[AIM OF THE TASK] Strip the pictures and reproduce the rest of the listing exactly.

[INFORMATION PROVIDED]
[Start of Attachment]
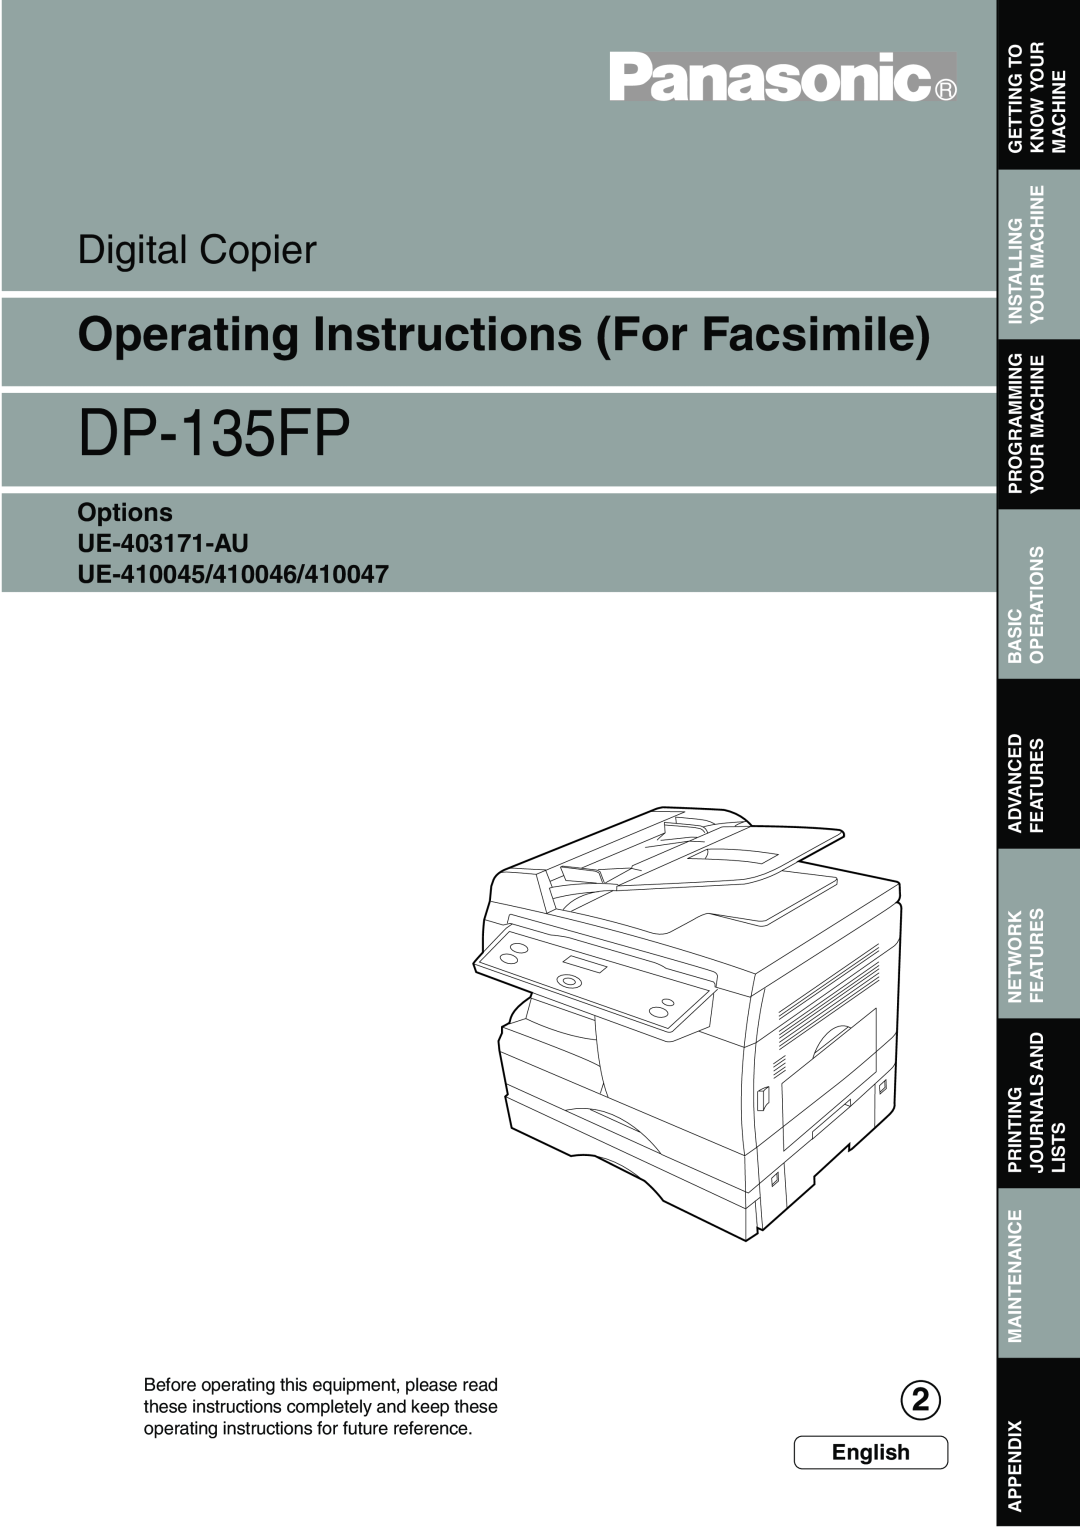 Panasonic DP-135FP appendix Options UE-403171-AU UE-410045/410046/410047, English, Operating Instructions For Facsimile 
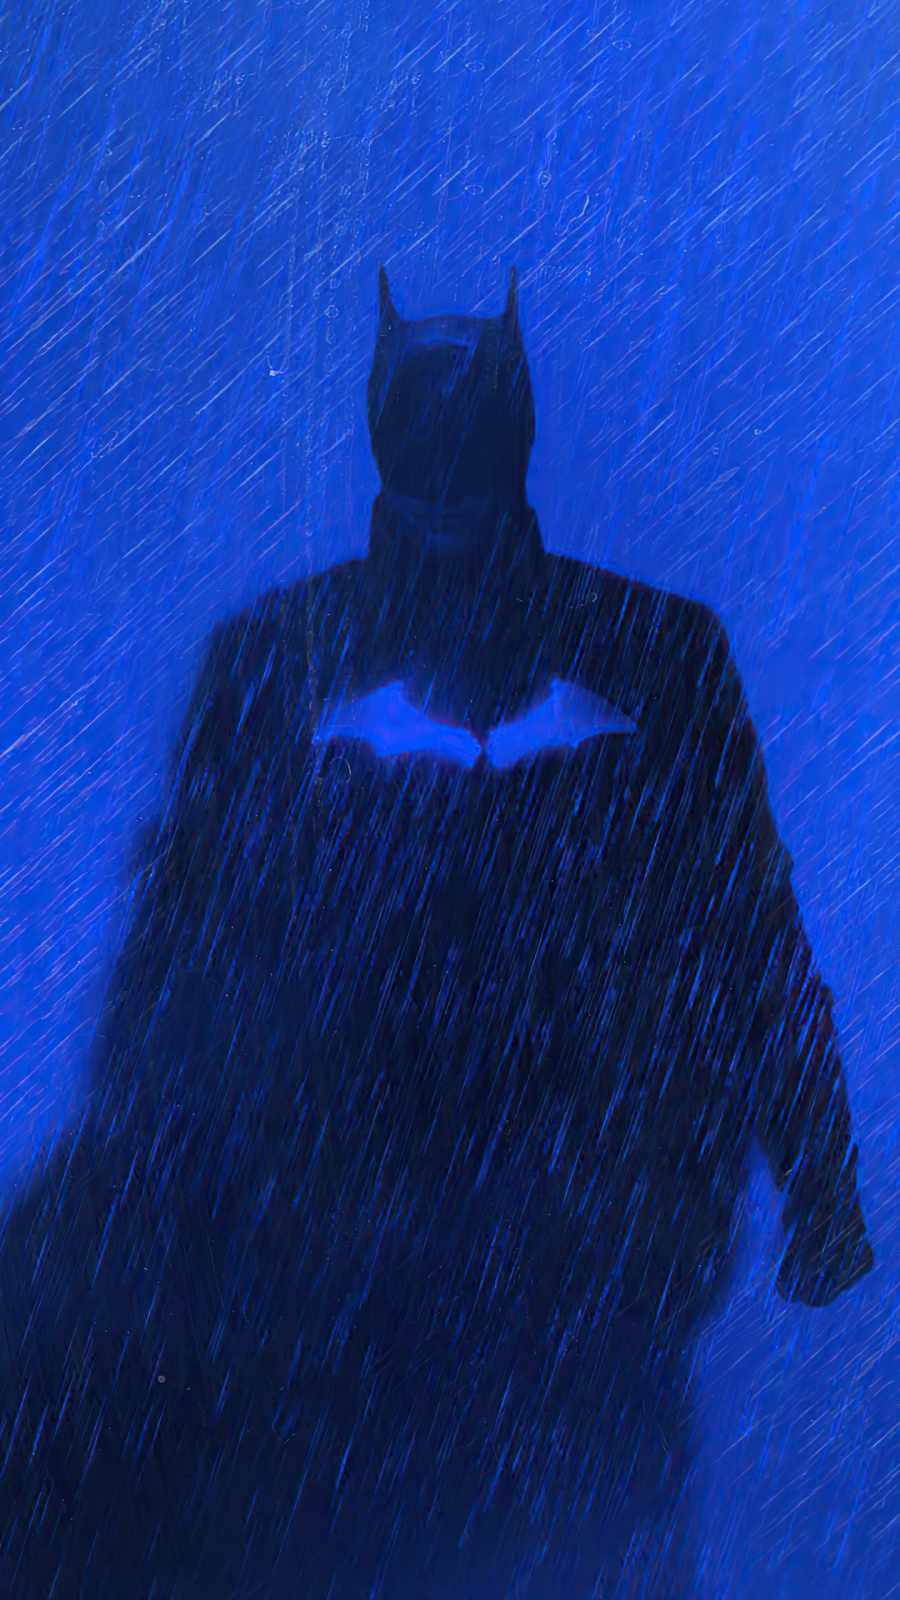 The Batman 2022 Blue IPhone Wallpaper Wallpaper, iPhone Wallpaper
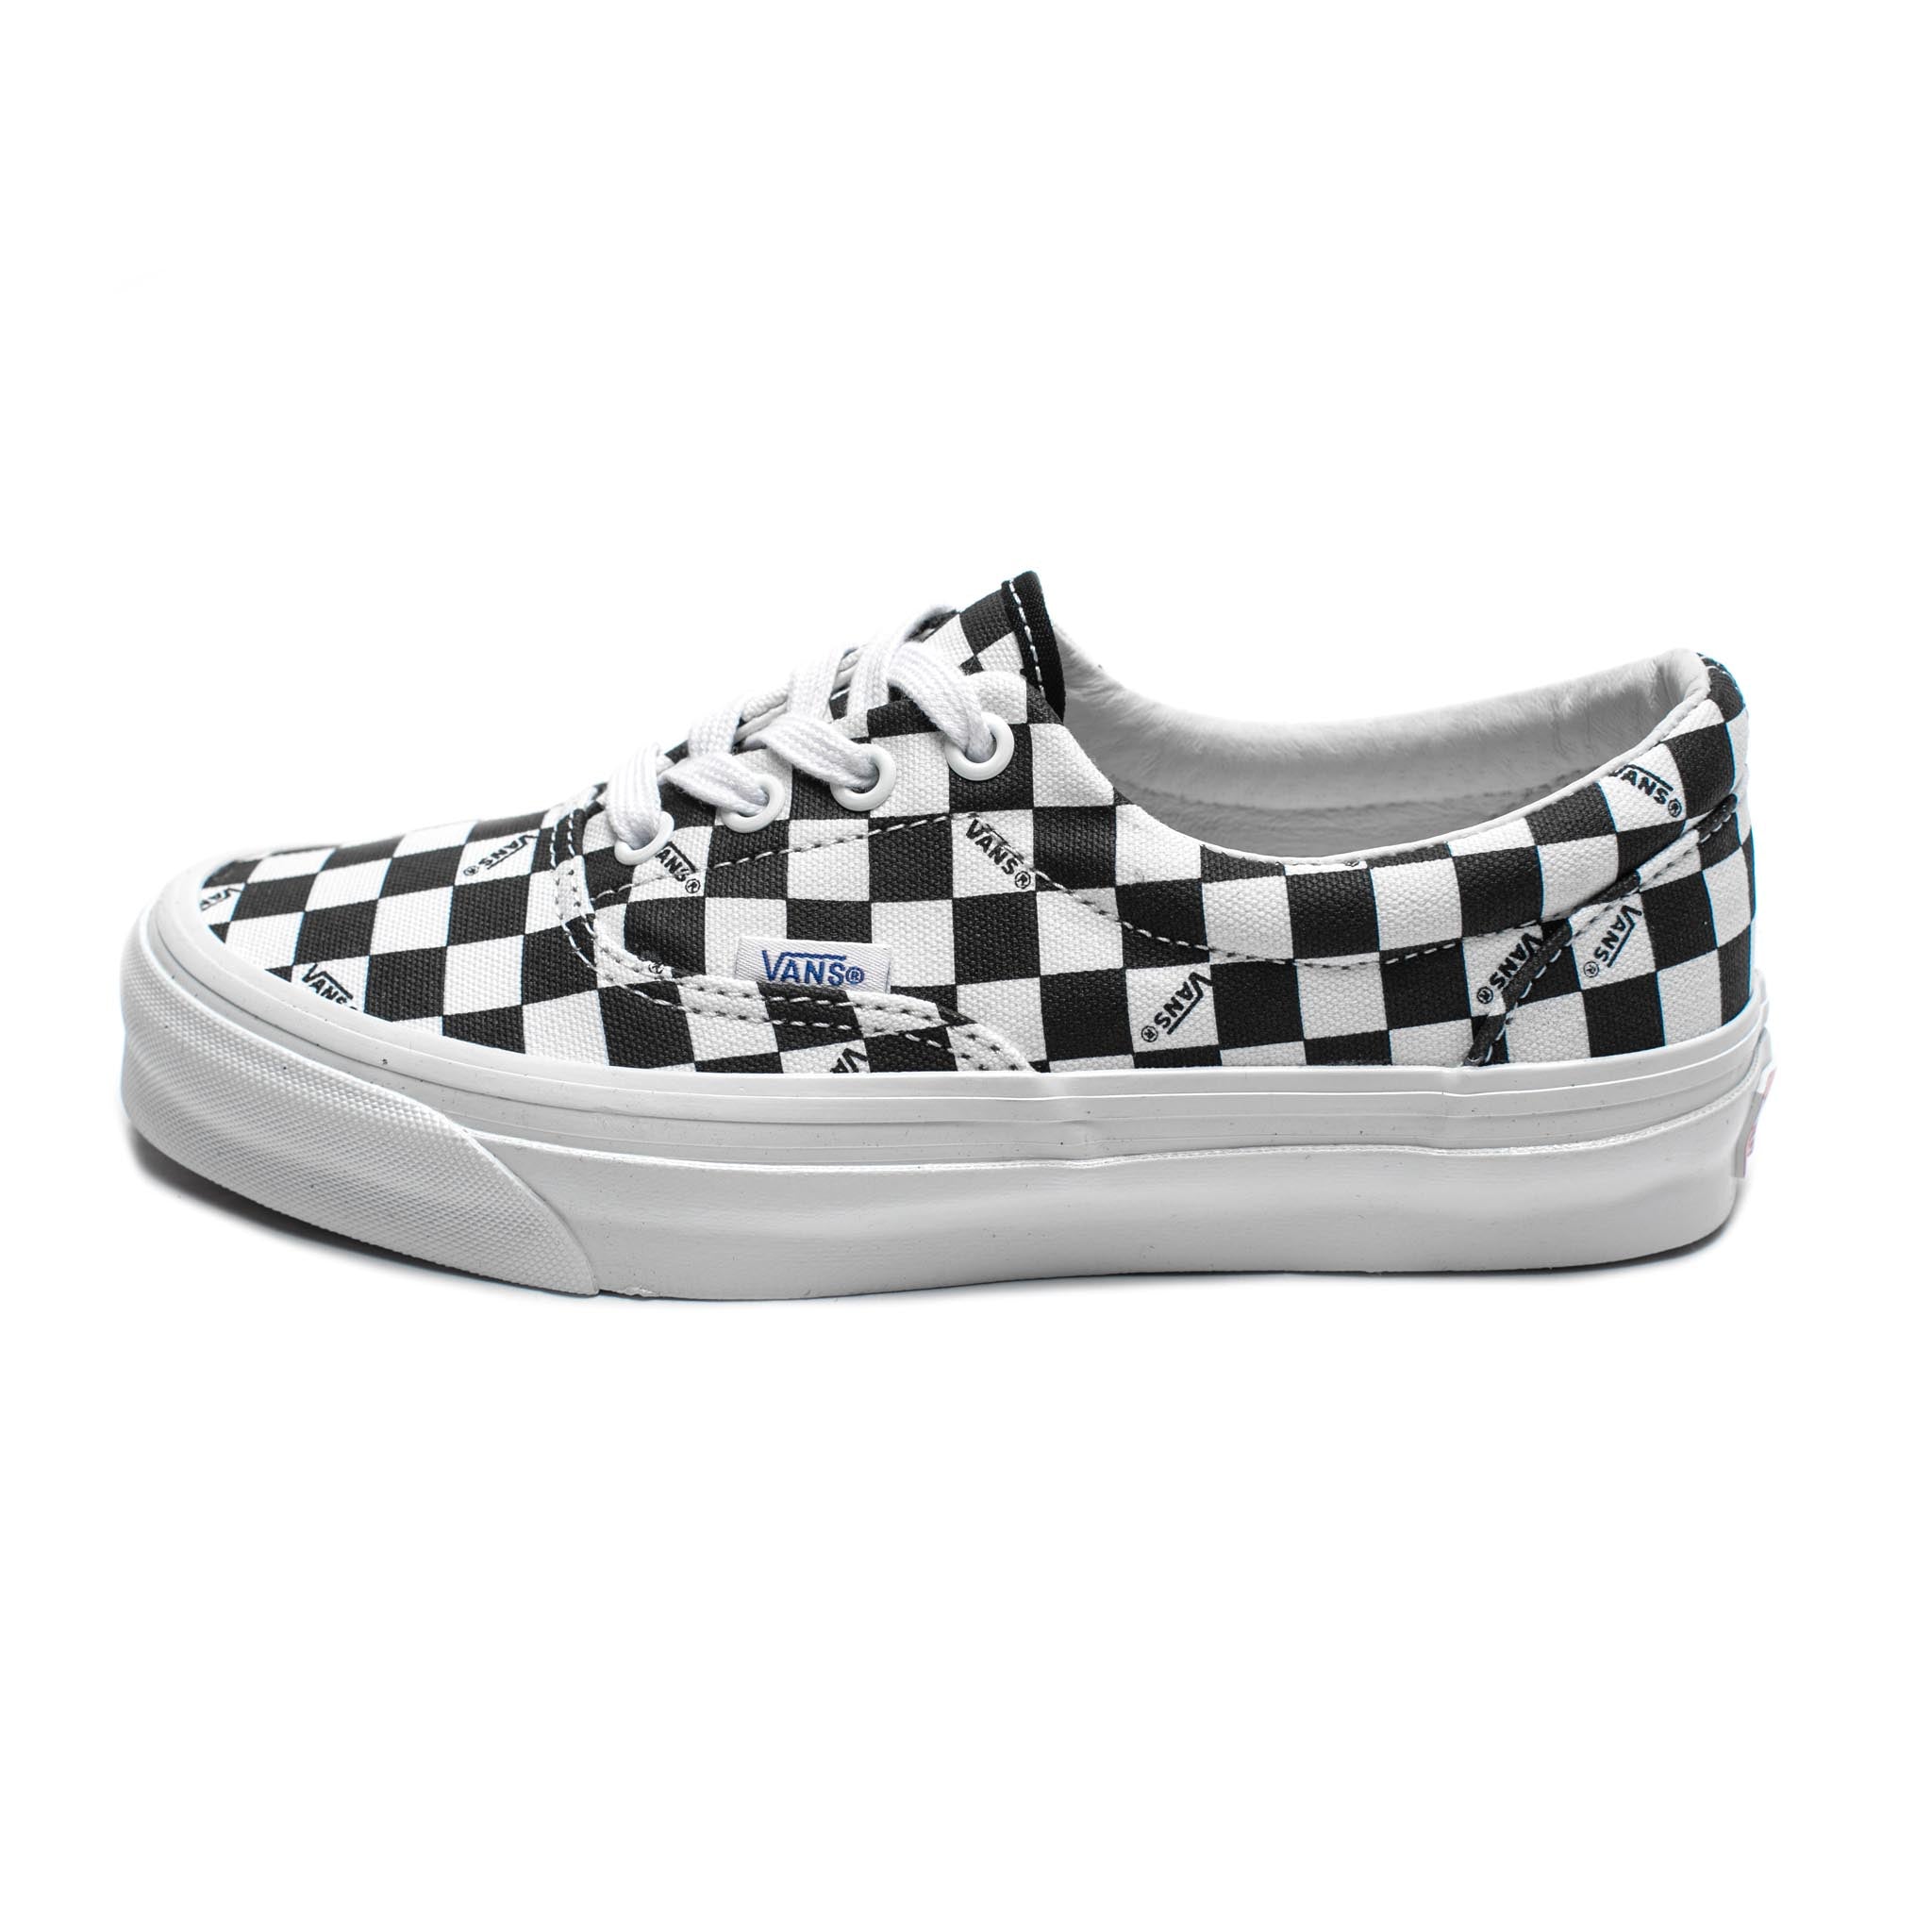 Vans Vault OG Era LX Black/White Checkerboard | SNEAKERBOX
[End of Attachment]
[SOLUTION FOR THIS TASK]
 Panasonic DP-135FP appendix Options UE-403171-AU UE-410045/410046/410047, English, Operating Instructions For Facsimile 
 The Batman 2022 Blue IPhone Wallpaper Wallpaper, iPhone Wallpaper
 Vans Vault OG Era LX Black/White Checkerboard | SNEAKERBOX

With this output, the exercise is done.